* **Record set**
# # #
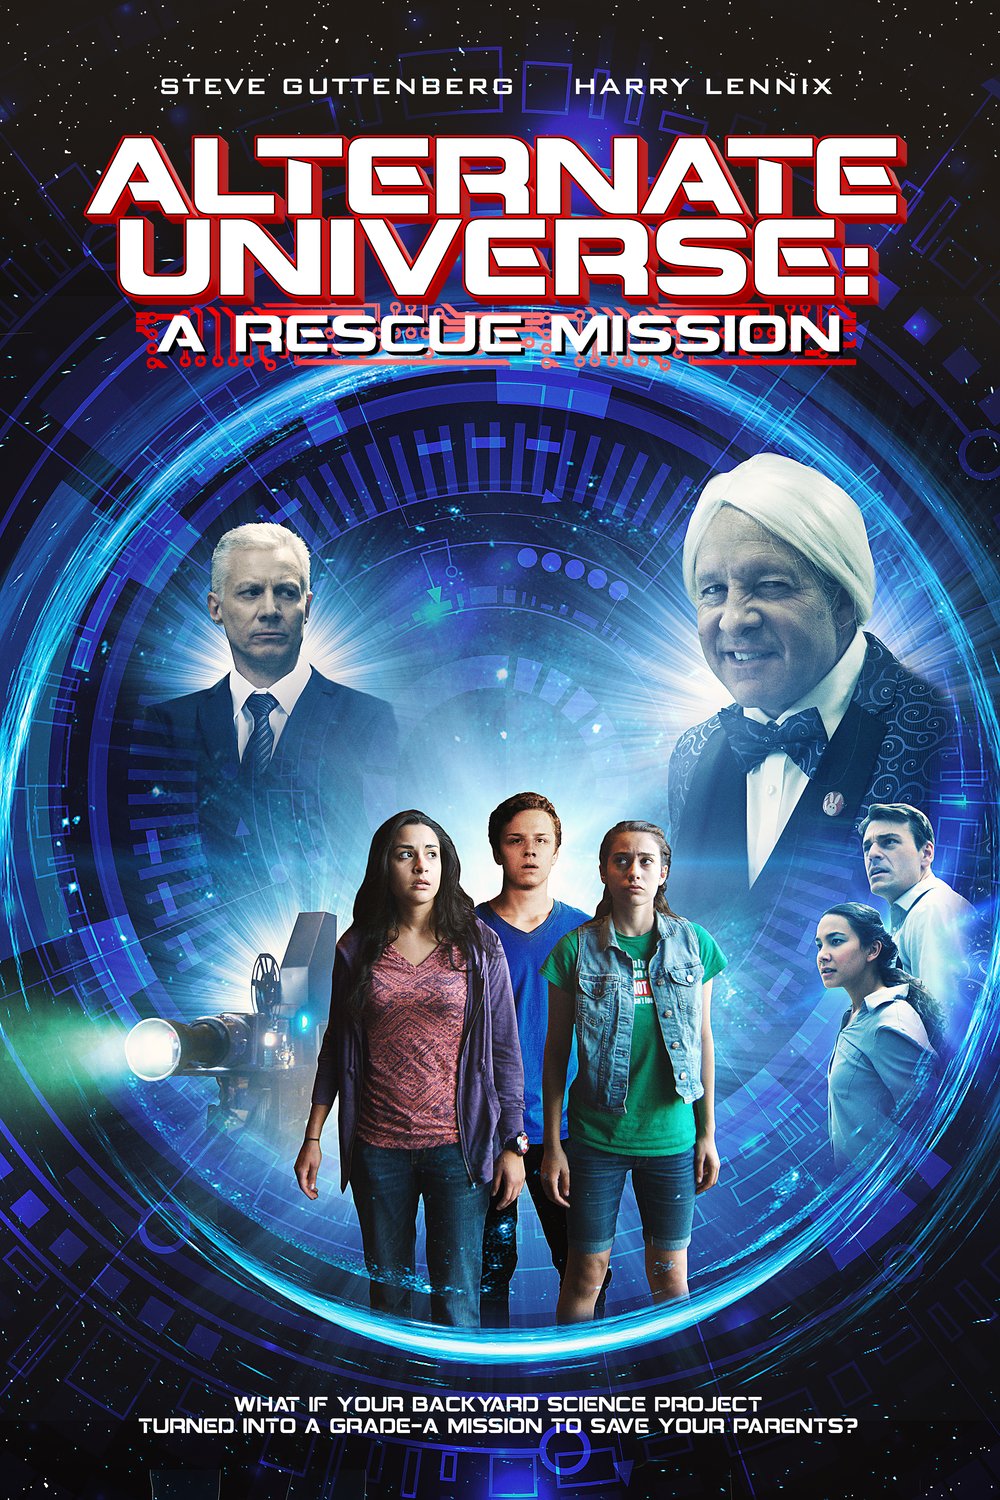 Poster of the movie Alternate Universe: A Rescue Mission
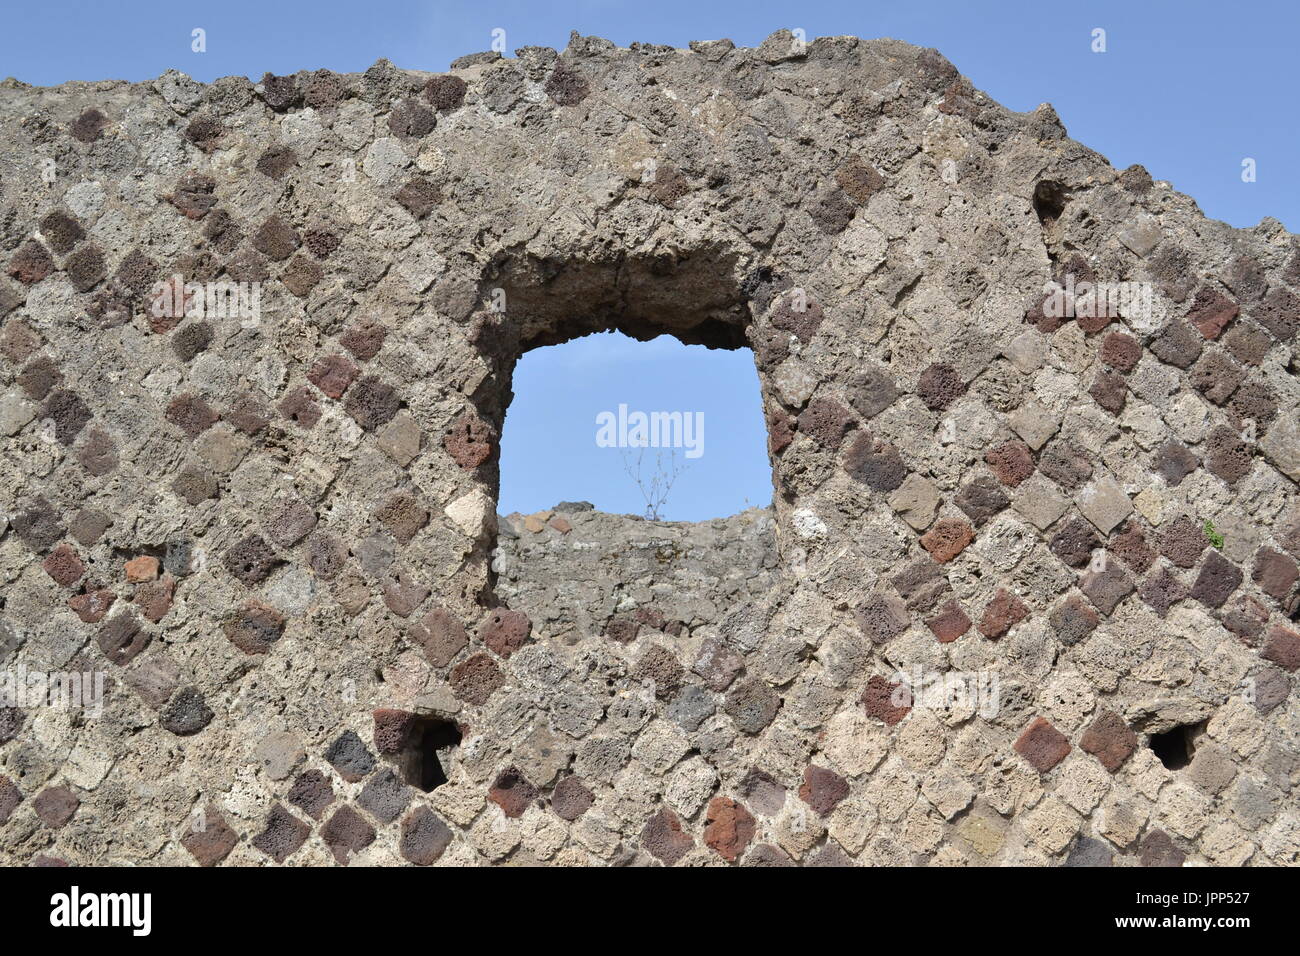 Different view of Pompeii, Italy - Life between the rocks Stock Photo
# # #
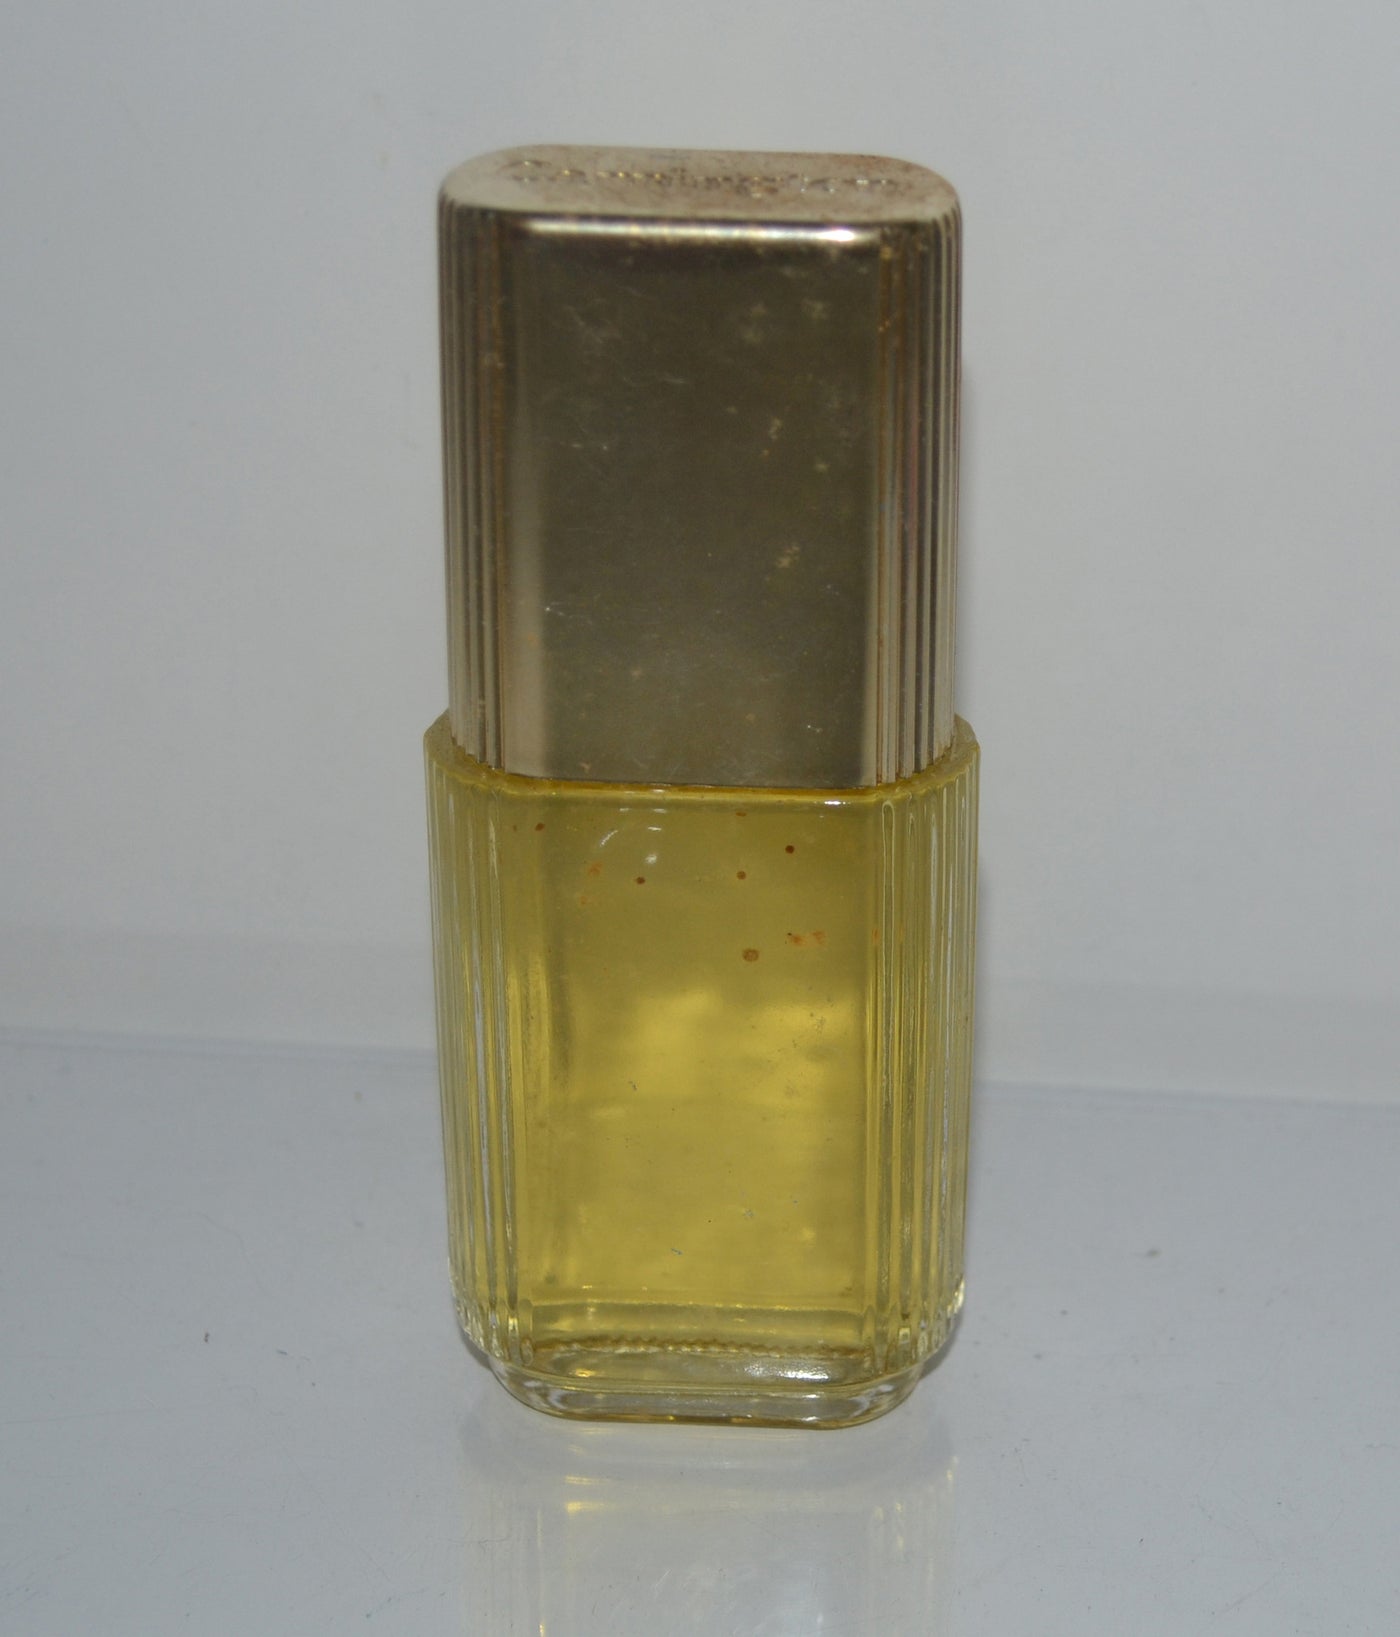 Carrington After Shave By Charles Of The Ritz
# # #
* **Required action**
Return only the stretch above from the line containing "Poster of the" through the line containing "Different view of", word for word and without pictures.

* **Answer box**
 Poster of the movie Alternate Universe: A Rescue Mission
 Different view of Pompeii, Italy - Life between the rocks Stock Photo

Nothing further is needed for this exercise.